# Kindle in the Wild Pics.....



## ValeriGail (Jan 21, 2010)

Today, I was freezing and feeling all yucky... and to my surprise, it was warmer outside than it was in my house!!! So, baby girl (who is 4) and I spent the afternoon outside. She got to dig in the dirt and chase the dogs, and I got to read in the sun! After a bit I realized, hey! This is a great picture time for the kindle!! I hadn't had a chance yet to snap any pics.. so, Here are a few of my kindle out in the wild! (and I live on acreage surounded by even more acreage, so you can really call this the wild, or the woods.. which ever you prefer! HAHA)

Kindle and its big sister, my Iphone.. neither are ever far away from each other or from me! 









Wanted to get the background in to show how nice and peaceful it is to sit on my back porch and read.. this is the first chance I've had to do this since getting my kindle, and its even MUCH better than with a DTB. Much much much better. And, of course, better than the iphone which I would not be able to see in such wonderful sunlight!









Full shot of the kindle.. it is in the JavoEdge Lumberjack case, which I love. I'm a very "nature" type of person (duh, I chose to live in the middle of nowhere surrounded by trees)









And if you didn't notice on the other shots... damage to my case . Three days after getting my new case from JavoEdge, I picked it up to read and noticed this corner... I have no idea when it happened, but I know who did it!! 









This is the culprit!








She may look cute... but she's wanted for disorderly kindle chewing! She packs weapons in her mouth that could strike any unsuspecting kindle.. be ware!



Valeri


----------



## zinnia15 (Feb 21, 2010)

Great pictures Cute puppy.


----------



## angel_b (Nov 18, 2009)

Awesome post and pics ... made me laugh ... bad dog!


----------



## GoldenKindle (Jan 11, 2010)

Great pics of the kindle and I like the cover.

That puppy has such an angel face!


----------



## Mandy (Dec 27, 2009)

Aww, that sweet face would make it impossible to be mad! My 7 week old Boxer puppy already has a fondness for my leather Sperry topsiders, so I am paranoid she is gonna get hold of my Oberon cover.


----------



## Javoedge (Apr 30, 2009)

These photos are great ValeriGail!!
Came to this post late but thanks for sharing these high quality snapshots!

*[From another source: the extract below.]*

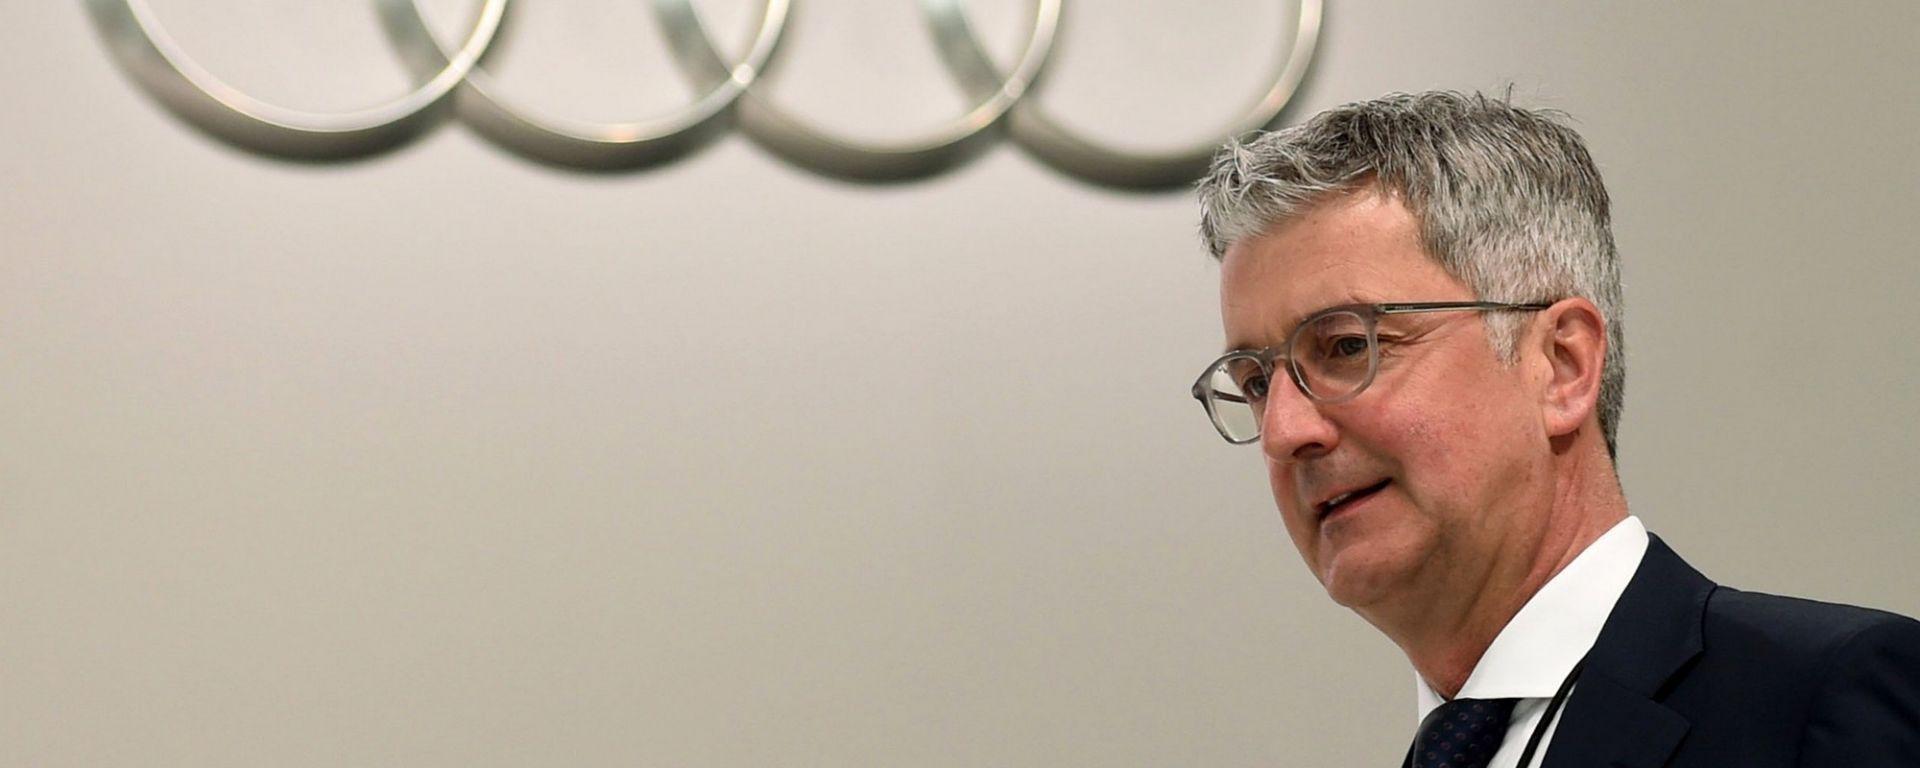 Rupert Stadler, ex Ceo Audi

Your dog is too cute! Am sharing this on the official JAVOedge thread so people can find it from there + linking back to this.


----------



## skyblue (Dec 23, 2009)

Love your Kindle in the wild photos!  Thanks for sharing.  I have never seen photos of the Lumberjack cover before.  It is perfect for your set up.  Your pup is adorable!


----------



## mistyd107 (May 22, 2009)

great pics...Absolutely adorable puppy.  OT ? and I apologize but is that the Black/pink Otterbox on your phone?  how Bright is the pink I'm debating between the solid pink and the Black/Pink


----------



## MarthaT (Mar 3, 2009)

great pics


----------



## leslieray (Mar 16, 2010)

Cute puppy! Now how could you be mad at such a face?

Thanks for the pics, brightened my day, made me laugh!


----------



## Luna (Jan 20, 2010)

Nice pictures. The title of this thread remembered me of the contest on the M-Egde website...
What kind of breed is your dog? Is it still a puppy?


----------



## loca (Jan 3, 2010)

Ah, the puppy matches with the kindle


----------